Produce sanitation meets set

The International Fresh-cut Produce Association has joined produce growers and handlers as well as universities in three states to offer a series of workshops focused on fruit and vegetable sanitation from harvest to package.

Entitled, Sanitation Workshop for Packinghouses, Value-added Harvest and Fresh-cut Operations, the first workshop of the three-part series will be held May 13, 2004 at the Edison AgTAC Center in Visalia, Calif., from 7 a.m. to 5 p.m. The program is sponsored jointly by the International Fresh-cut Produce Association (IFPA), Western Growers Association, and the Tri-State Consortium (University of California Davis, University of Florida and Texas A&M University) under a grant from the U.S. Department of Agriculture.

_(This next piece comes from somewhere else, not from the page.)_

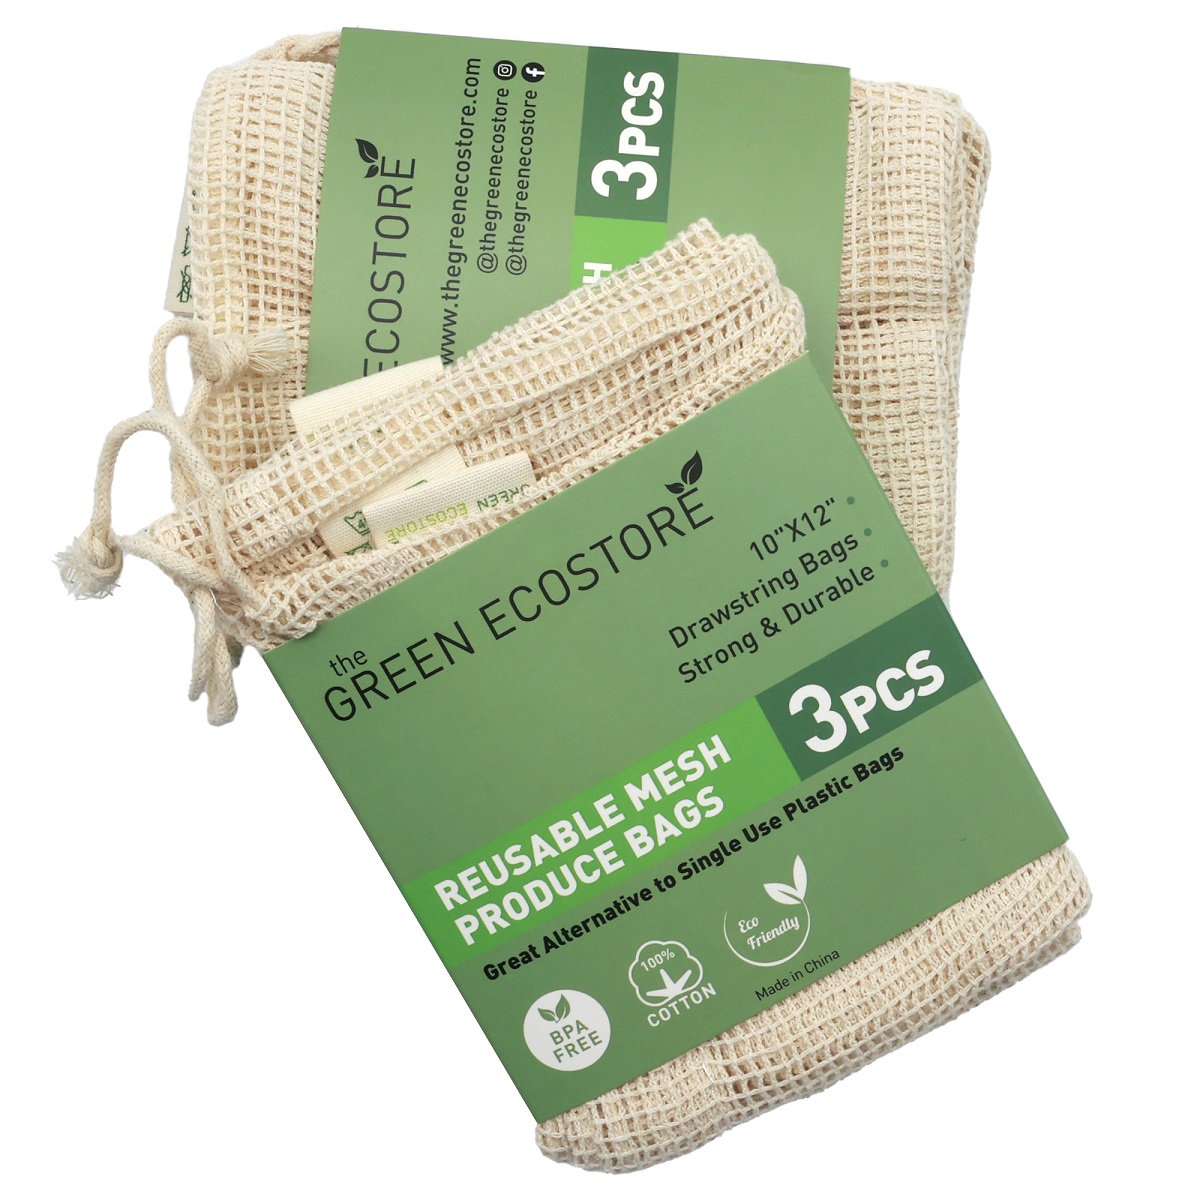 The Green Ecostore Announces The Launch Of Reusable Produce Bags And Totes

The workshop's objective is to provide an educational forum for produce professionals such as grower/shippers, packinghouse operators and fresh-cut processors to increase awareness of sanitation issues during harvesting, packing and processing.

The format includes a morning session detailing fundamentals of food facility sanitation and three afternoon breakout sessions focused on the specific sanitation needs of packing sheds, in-field preparation/harvest operations and fresh-cut processing plants.

“This is an important educational outreach opportunity that enables all of us to contribute to reducing produce food safety risk,” asserts James Gorny, IFPA's vice president of technology and regulatory affairs. “The produce industry has a long history of producing safe, wholesome and nutritious products that consumer enjoy. We cannot, however, be successful in our food safety efforts without spreading this message to all levels of the produce industry.”

The workshop series represents an aggressive effort on the part of IFPA and its partners to respond to food safety issues in light of recent statements by the U.S. Food and Drug Administration on the handling of fresh produce items.

Presenters at the workshop include Ron Schmidt and Jeff Brecht of the University of Florida and Trevor Suslow and Linda Harris of UC Davis as well as Jim Gorny. The Tri-State Consortium is a 48-month research initiative created to study food safety issues in the produce industries of Florida, Texas and California and the grant provides for two more workshops scheduled for Texas and Florida later this year.